**To do**.
For the records below, please print exactly and only the lines from the one with "Tarot in wonderland - Major Arcana" down to the one with "Hackney Diamonds - Rolling", both ends included, omitting the pictures.

**Supplied entries**.
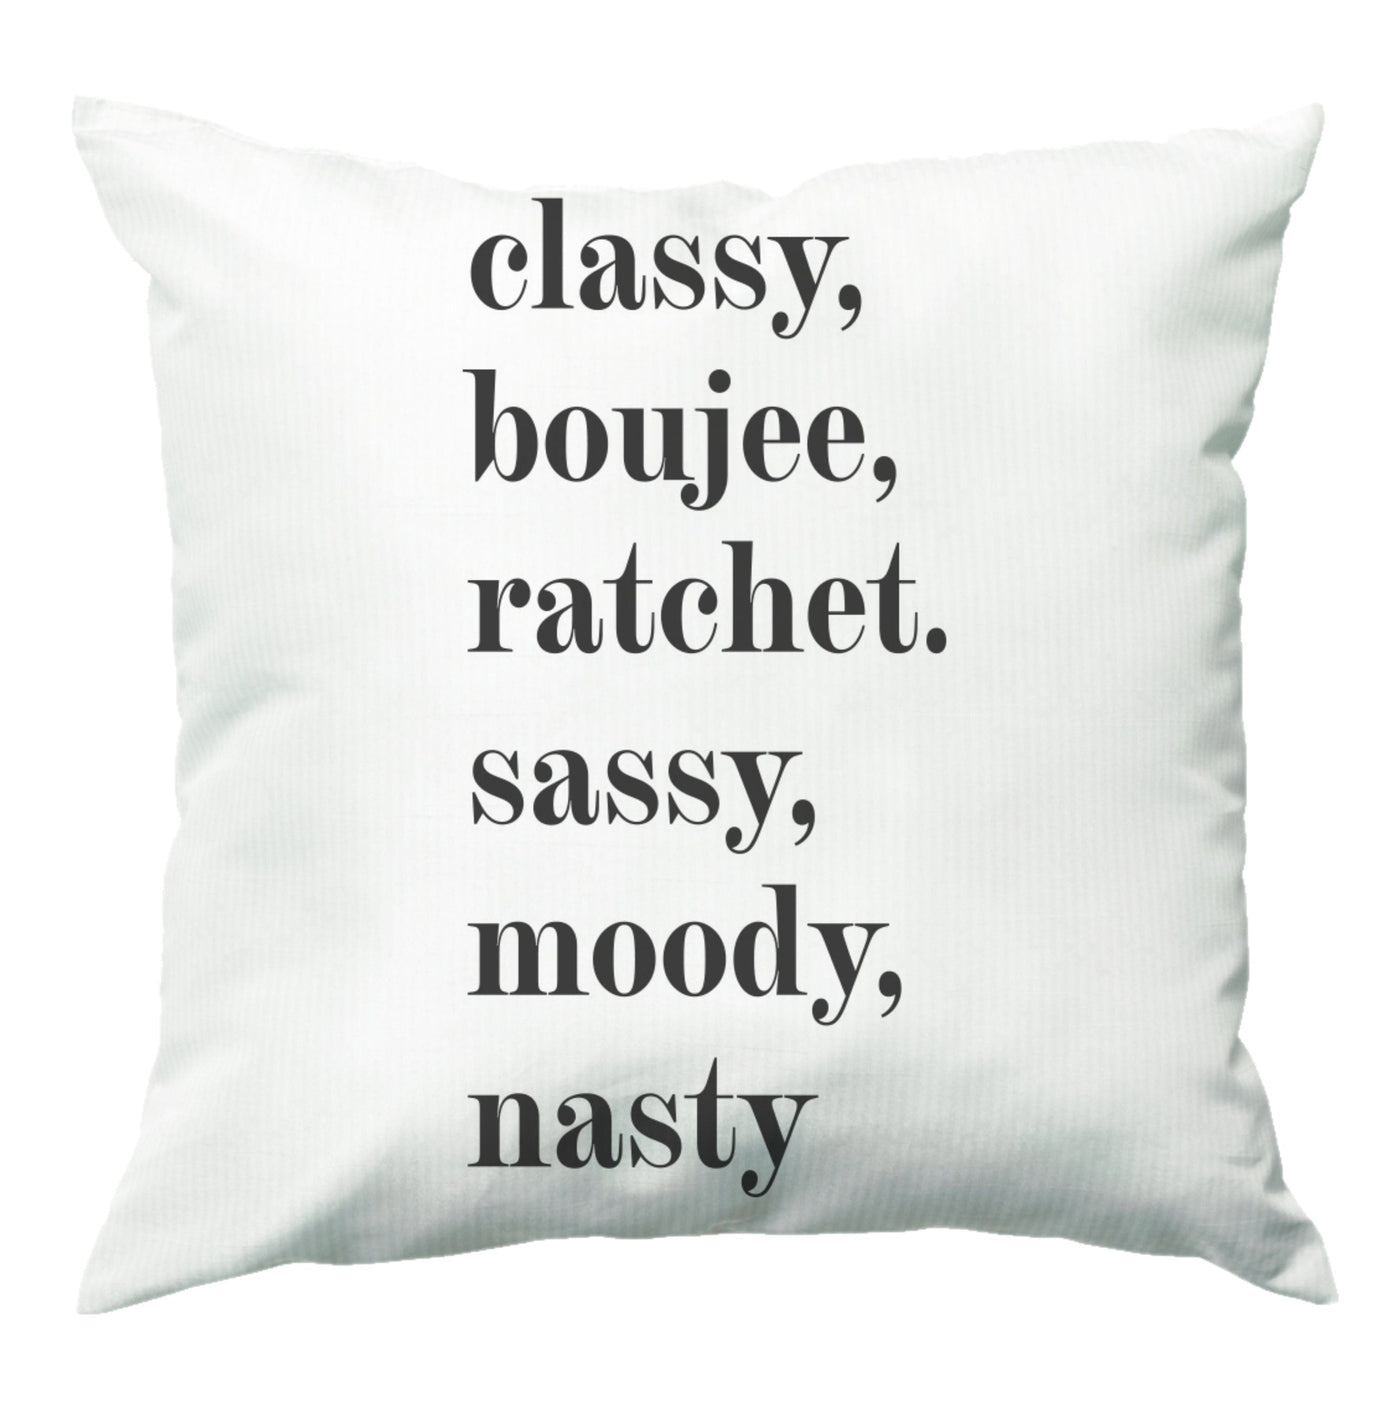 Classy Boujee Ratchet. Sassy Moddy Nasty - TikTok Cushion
* * *
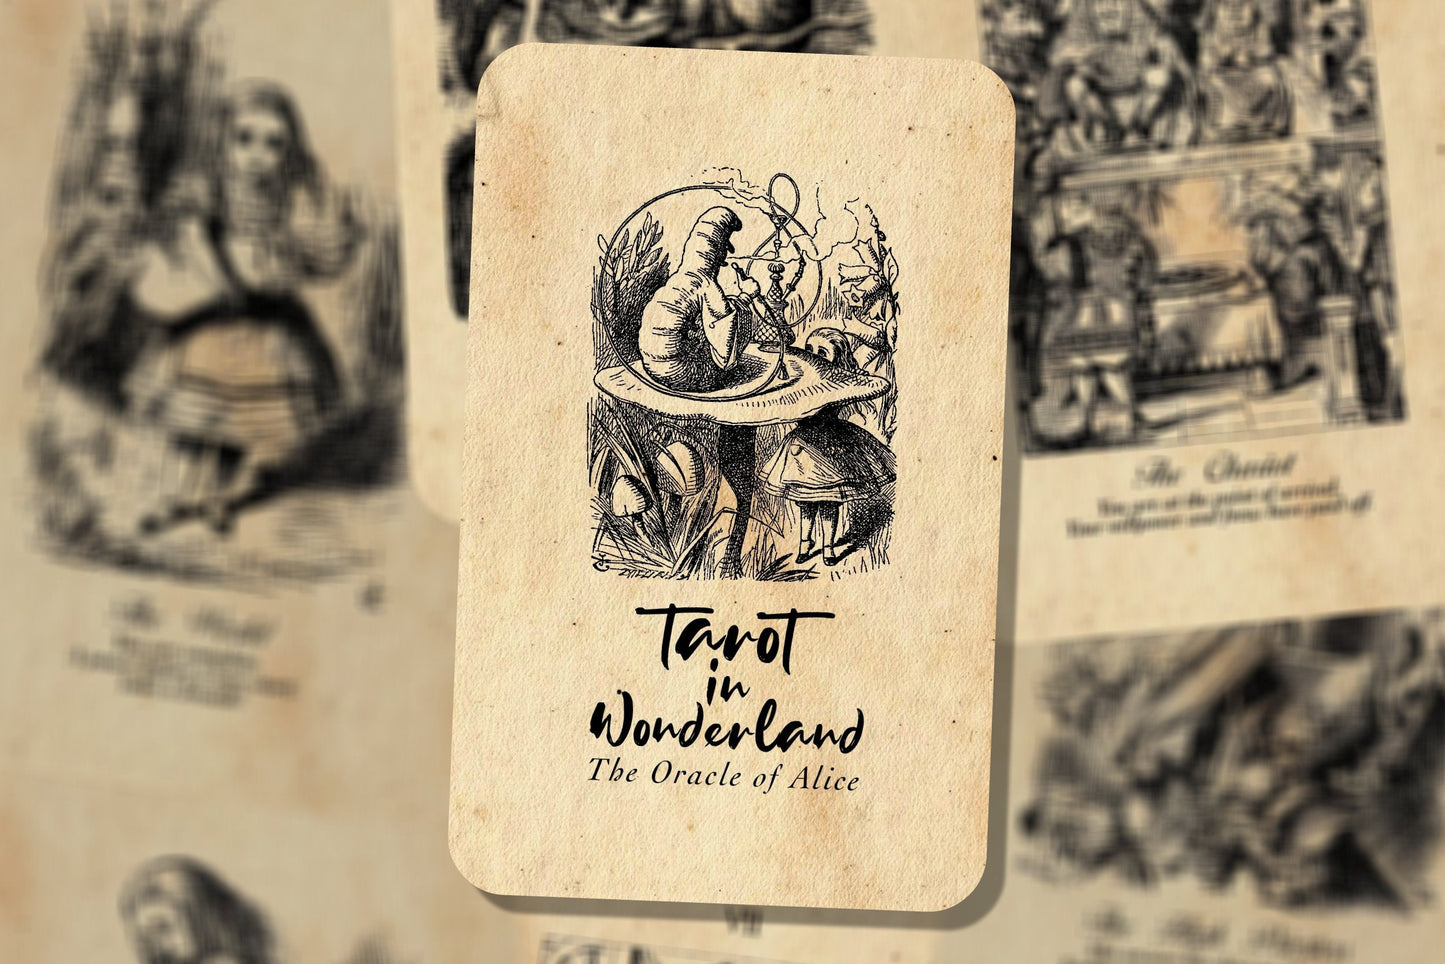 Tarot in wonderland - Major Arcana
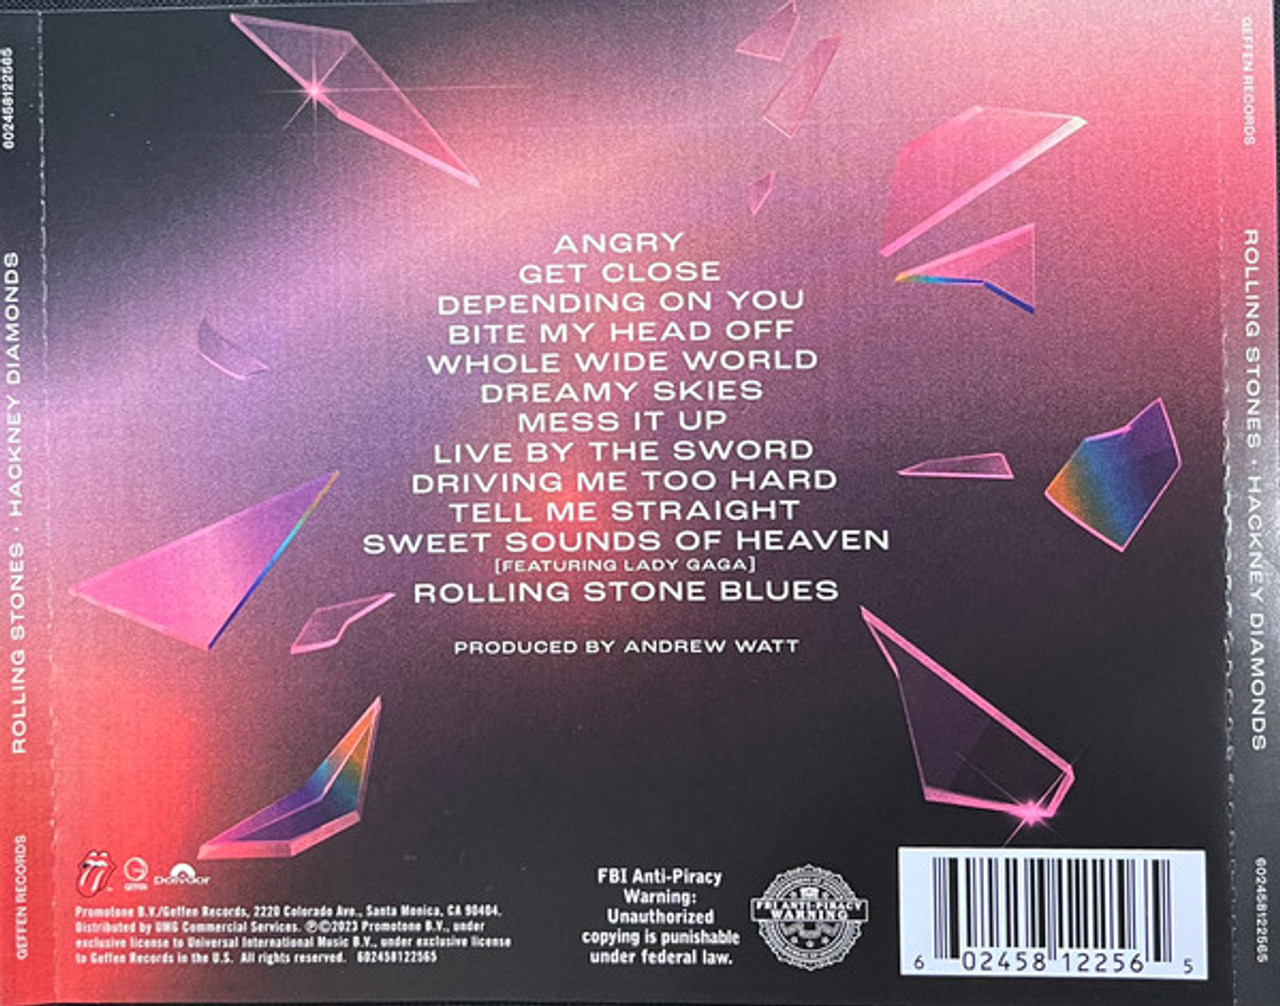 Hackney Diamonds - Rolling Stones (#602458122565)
==
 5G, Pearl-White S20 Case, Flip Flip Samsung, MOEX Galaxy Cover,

**Solution**.
 Tarot in wonderland - Major Arcana
 Hackney Diamonds - Rolling Stones (#602458122565)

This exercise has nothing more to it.